Heinzman v. Winona & St. Peter Railway Co.

75 Minn. 253 | Minn. | 1899

Lead Opinion

CANTY, J.

The right of way of the defendant’s railroad is laid out across a certain 40 acres of land. All of this 40, except the right of way, is owned by plaintiff. For 25 years before the commencement of this action, defendant had maintained a fence on each side, of its track across this 40, each fence being 50 feet from the middle of the track, thereby enclosing a strip 100 feet wide as a right of way.

*254Defendant, claiming that its right of way was in fact 300 feet wide, — 150 feet on each side of the middle line of its tracks, — proceeded to take in and inclose, as a part of such right of way, a strip 100 feet wide along the west side of the west fence across the 40. This action was brought to enjoin it from doing so. On the trial, the court found for plaintiff, and, from the judgment entered in his favor, defendant appeals.

It appears by the evidence that some time prior to August 23, 1870, plaintiff’s grantor, one Parsons, by a verbal contract, agreed to convey said 300-foot strip to defendant, who thereupon entered upon the land, and proceeded to grade its railroad across the same. On August 23, 1870, Parsons conveyed the 40 to plaintiff, but the deed contained the following reservation:

“Except so much of the above tract as is occupied by the right of way of the Winona and St. Peter Eailroad as the same is now located through and on said tract.”

Thereafter, on April 18, 1871, Parsons, pursuant to said verbal contract, made to defendant a deed which purports to convey to it said 300-foot strip. We are of the opinion that the above-quoted reservation in the deed to plaintiff excepted only so much of the right of way as was then actually occupied by defendant or marked out upon the land.

The reservation excepted only “so much * * * as is occupied by the right of way * * * as the same is now located through and on said tract.” This does not refer to said verbal contract, but to the physical conditions which at the time actually existed on the land. The right of way extended through a tract of timber land, and the evidence tends to prove that, at the time in question, defendant had cut down the trees on a strip 100 feet wide, — 50 feet on each side of the middle line of the track, — and no wider, and that the sides of this strip were bounded by well-defined lines. Then the court was warranted in finding that the exception in the deed to plaintiff reserved a strip only 100 feet wide, — 50 feet on each side of the middle line of the track.

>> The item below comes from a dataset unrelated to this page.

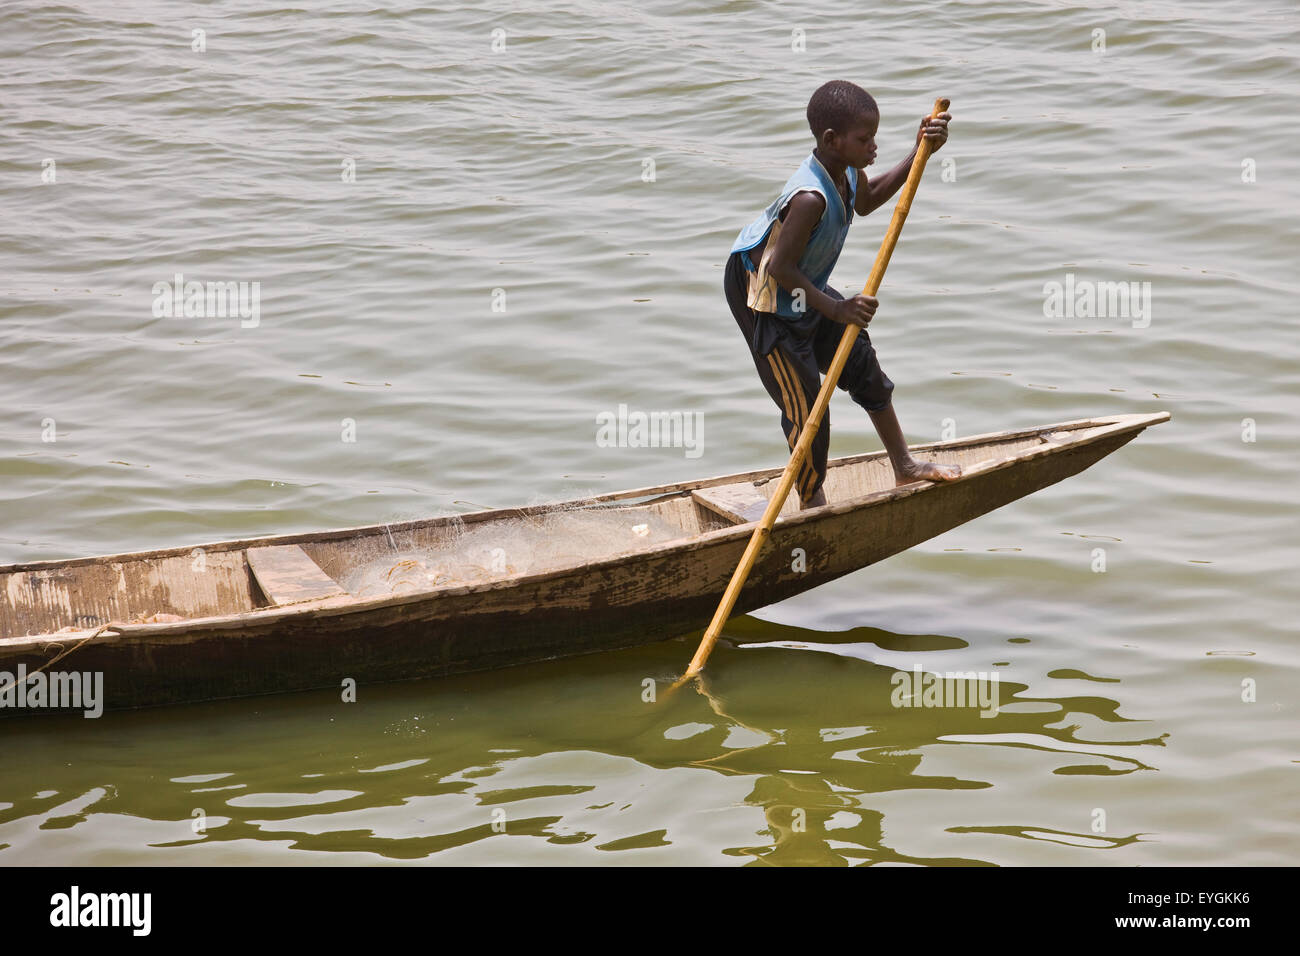 Au Niger, les pêcheurs Hausa garçon descendant sur le fleuve Niger en pirogue traditionnelle ; Niamey Banque D'Images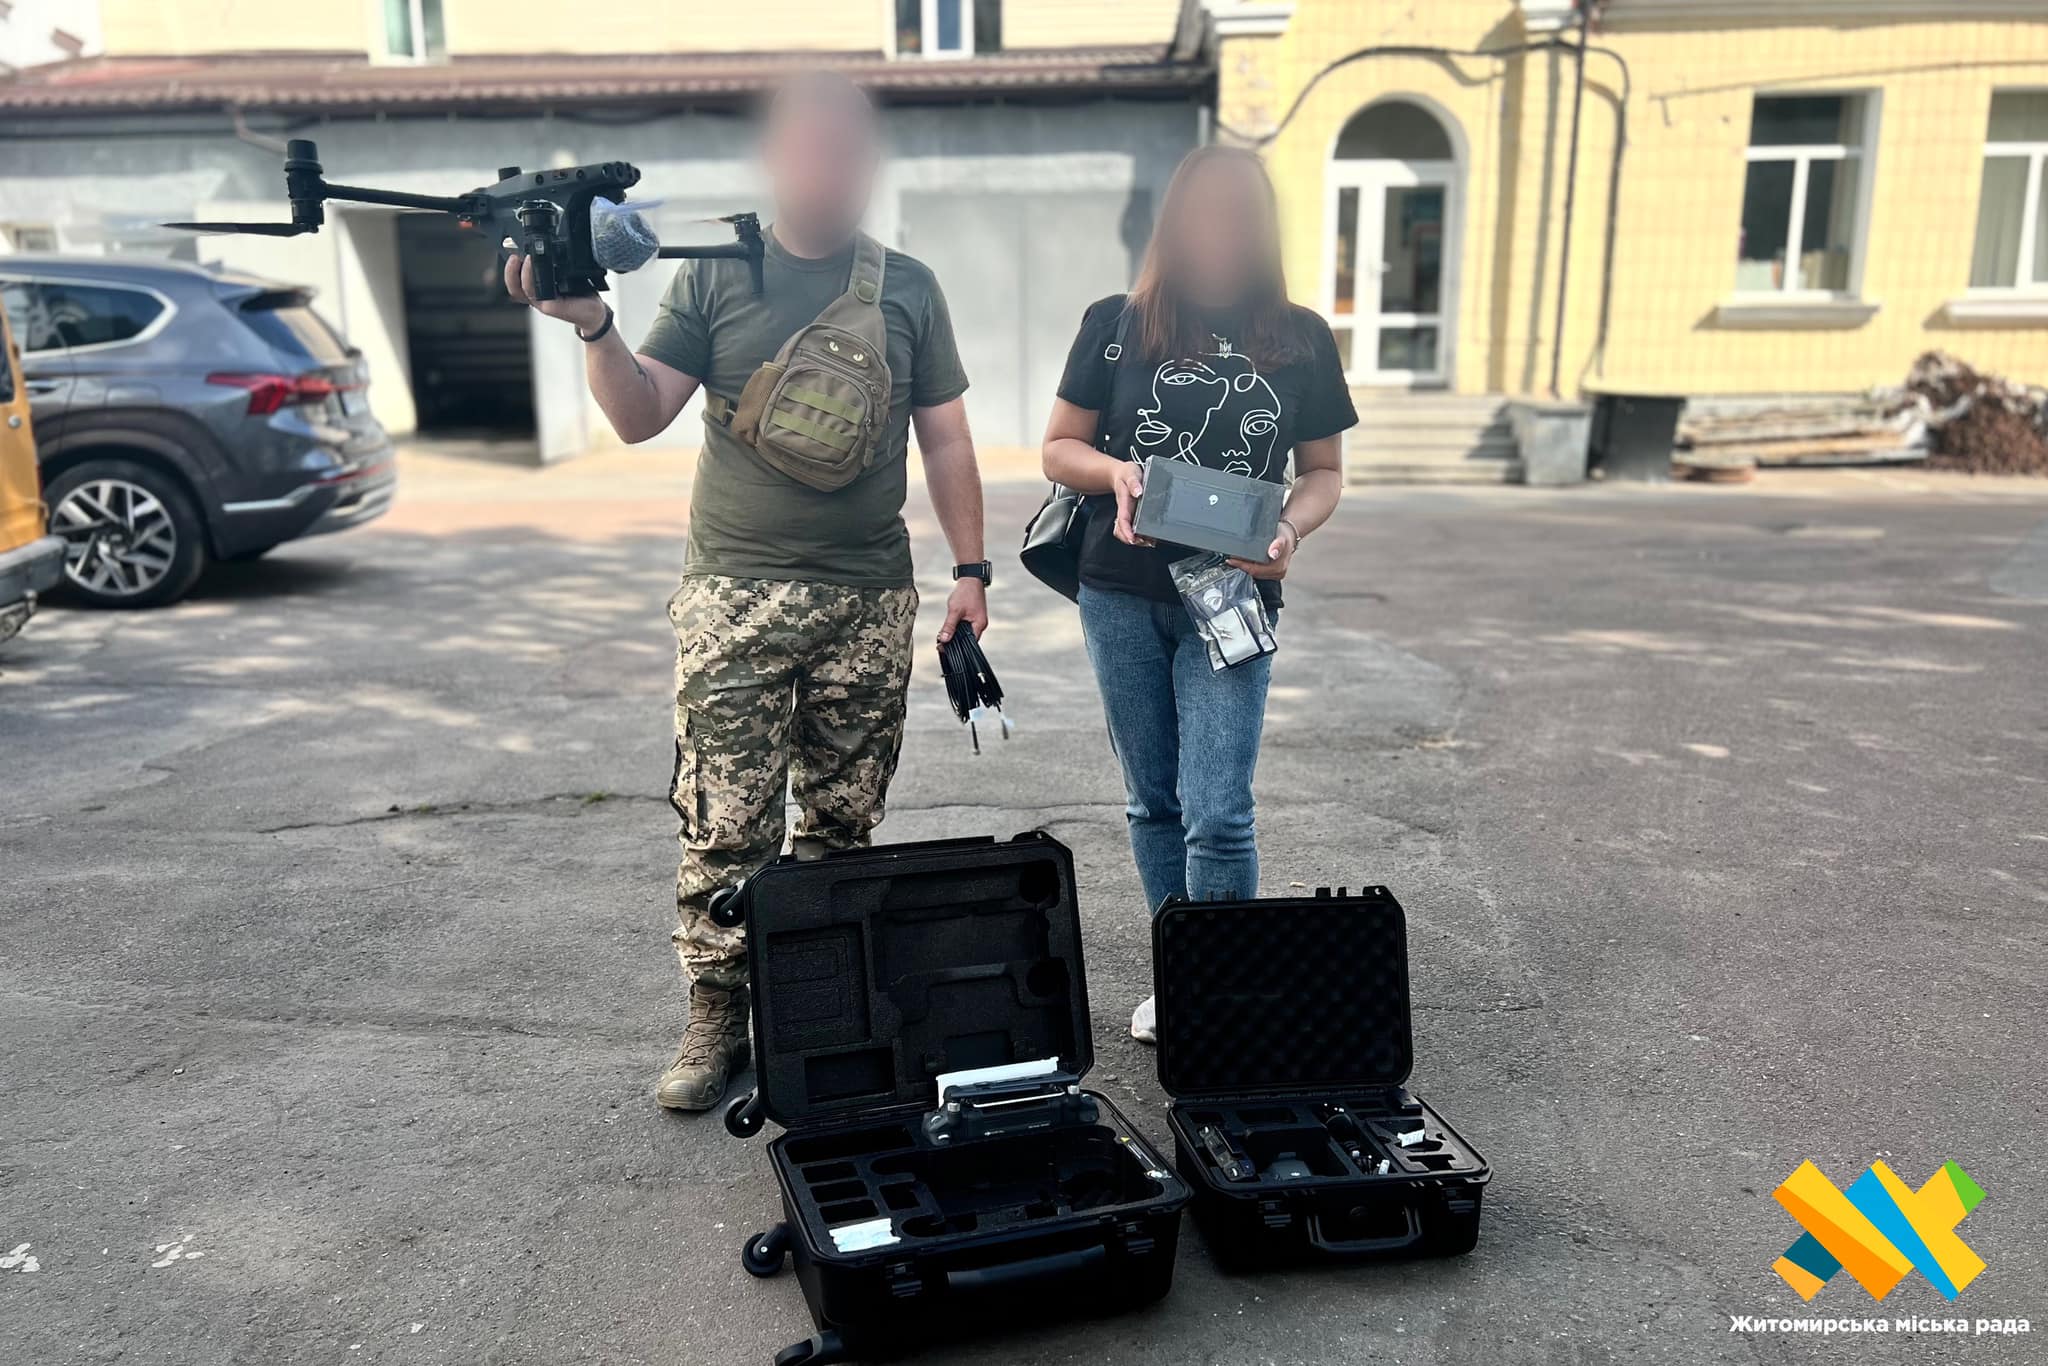 132-му окремому розвідувальному батальйону ДШВ передали 2 дрона та комплект підсилення звʼязку, закуплені коштом місцевого бюджету

When plaintiff purchased the 40 he made no inquiry of defendant as to what its rights were. Appellant contends that, as it was in *255possession at the time, plaintiff was put on inquiry as to the extent of its rights, that it was in position to enforce those rights by specific performance, and that plaintiff must be held to have purchased with notice of those rights, and subject to them. Conceding without deciding that appellant’s position is correct, it does not follow that it should prevail in this action. Plaintiff, by the conveyance to him, took the legal title to all of this right of way except the middle 100-foot strip, and, if appellant’s position is correct, he holds such title in trust for appellant; but it has not asked for specific performance or any equitable relief against him. In the absence of any such claim for equitable relief, he had a right to stand upon his legal title, and it must prevail.

This disposes of the case, and it is unnecessary to consider whether or not defendant’s rights were cut off by the adverse possession of plaintiff.

Judgment affirmed.






Concurrence Opinion

BUCK, J.

I concur in the result, but I do not think that it ought to be conceded that plaintiff in any manner holds the extra 200 feet in trust for the benefit of the defendant. If any concession is to be made, it should be that plaintiff has an absolute title to the. 200 feet, discharged from all claim, right or estate therein on the part of the defendant.